What to work on: Please copy every line from the records below that contains the string "einer".

(Records drawn from a dataset)
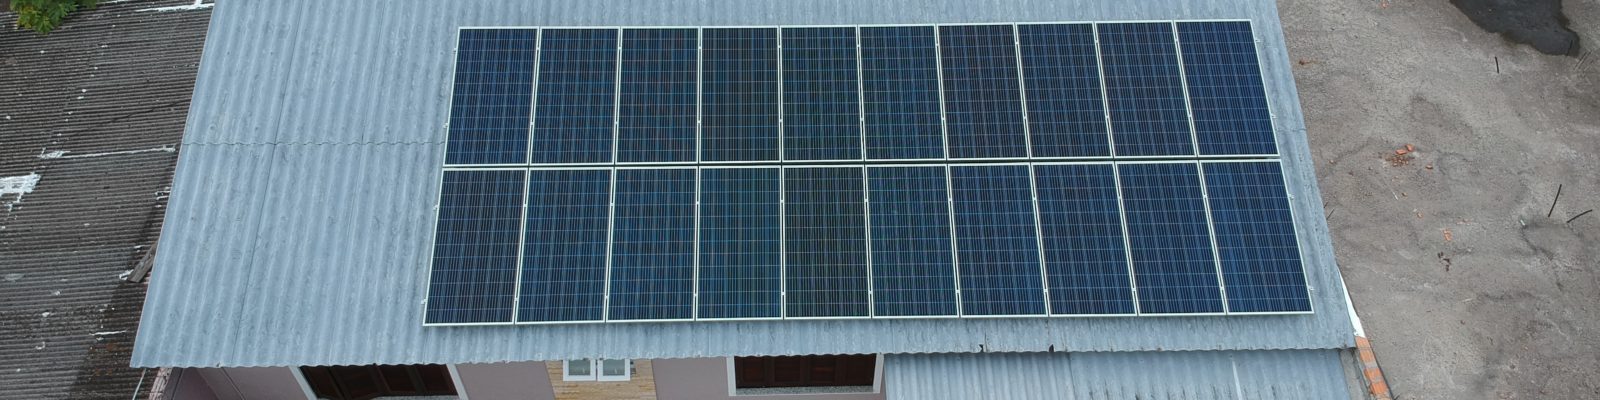 Energia fotovoltaica em Osório - Elysia energia solar RS
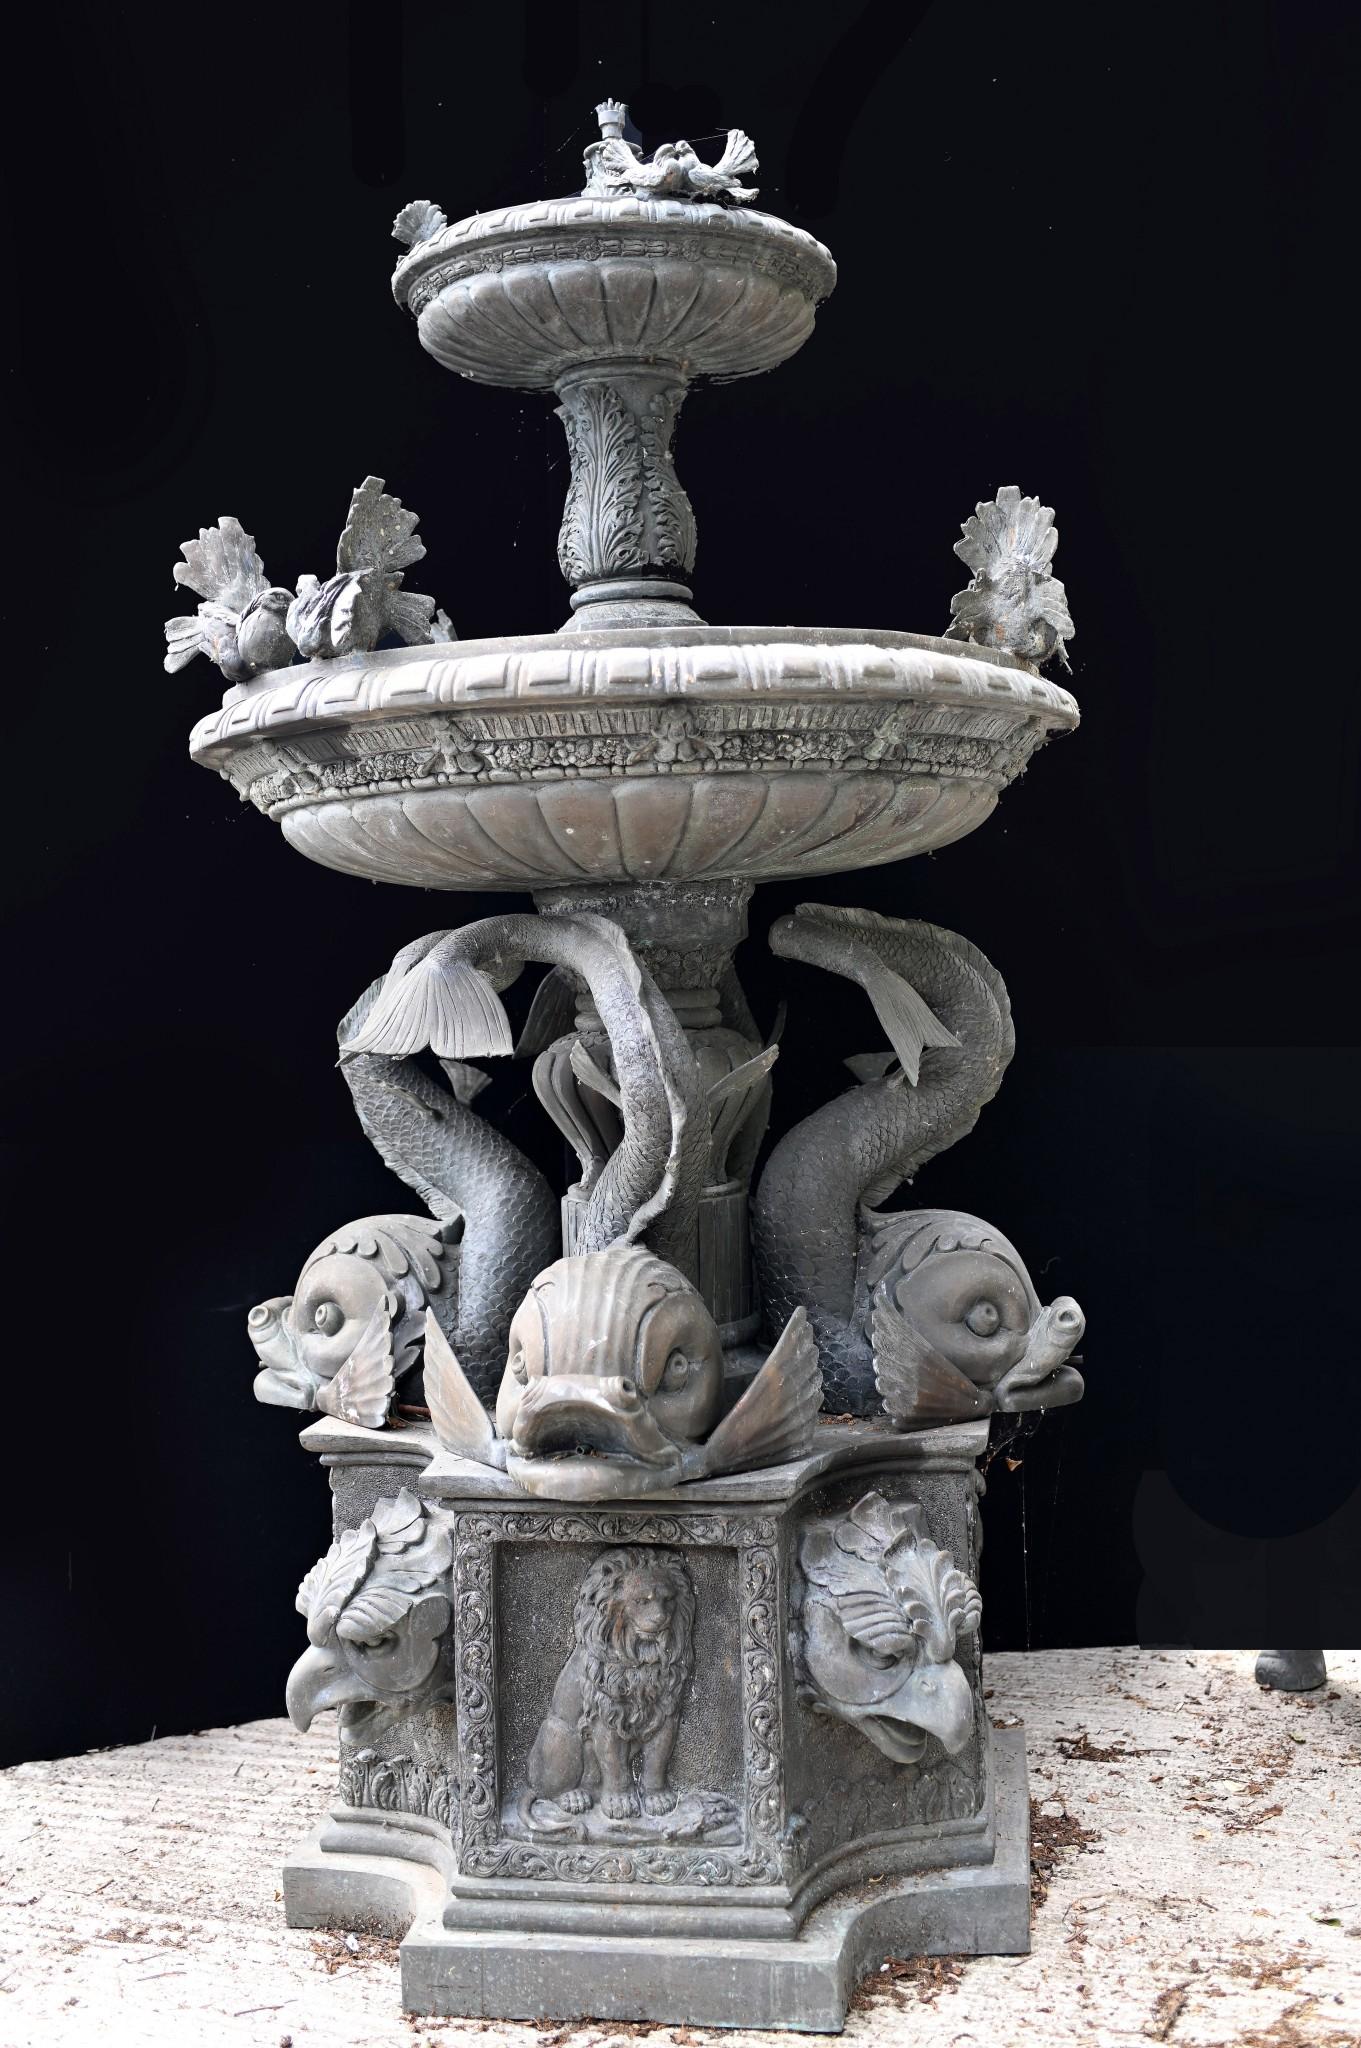 Wunderschöner antiker italienischer Gartenbrunnen aus Bronze
Großes Werk von klassischer Schönheit mit einer von Seeschlangen getragenen Hauptsäule
Wurde vermutlich aus einer Stadt in der Nähe von Triest in Italien geborgen
Zwei Stufen des Brunnens
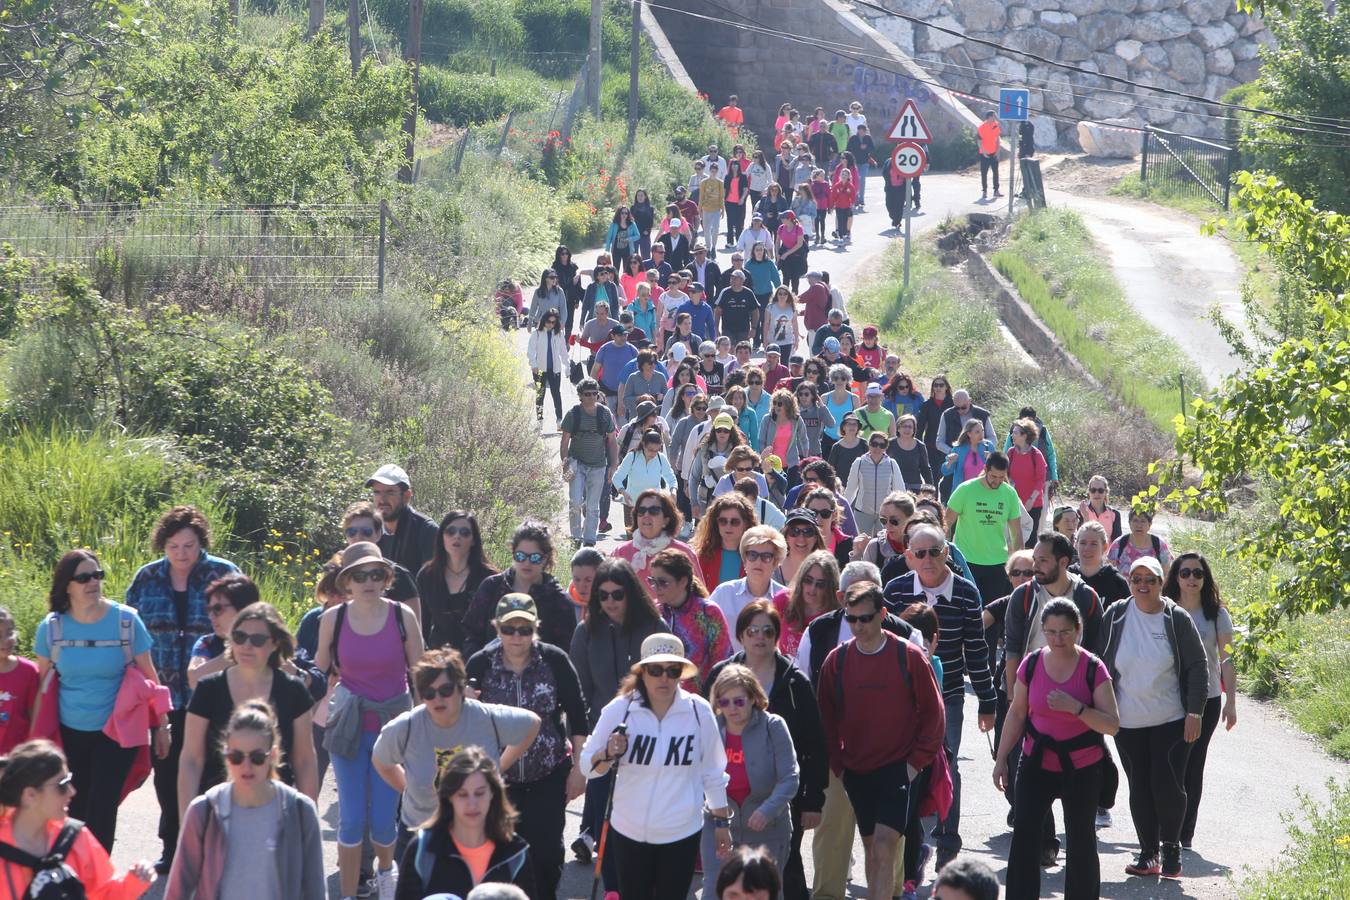 1.200 personas participaron en el útimo Paseo Saludable, un recorrido de doce kilómetros al mirador de los viñedos, a medio camino entre Logroño y El Cortijo.

Solution to this problem:
Großes Werk von klassischer Schönheit mit einer von Seeschlangen getragenen Hauptsäule
Wurde vermutlich aus einer Stadt in der Nähe von Triest in Italien geborgen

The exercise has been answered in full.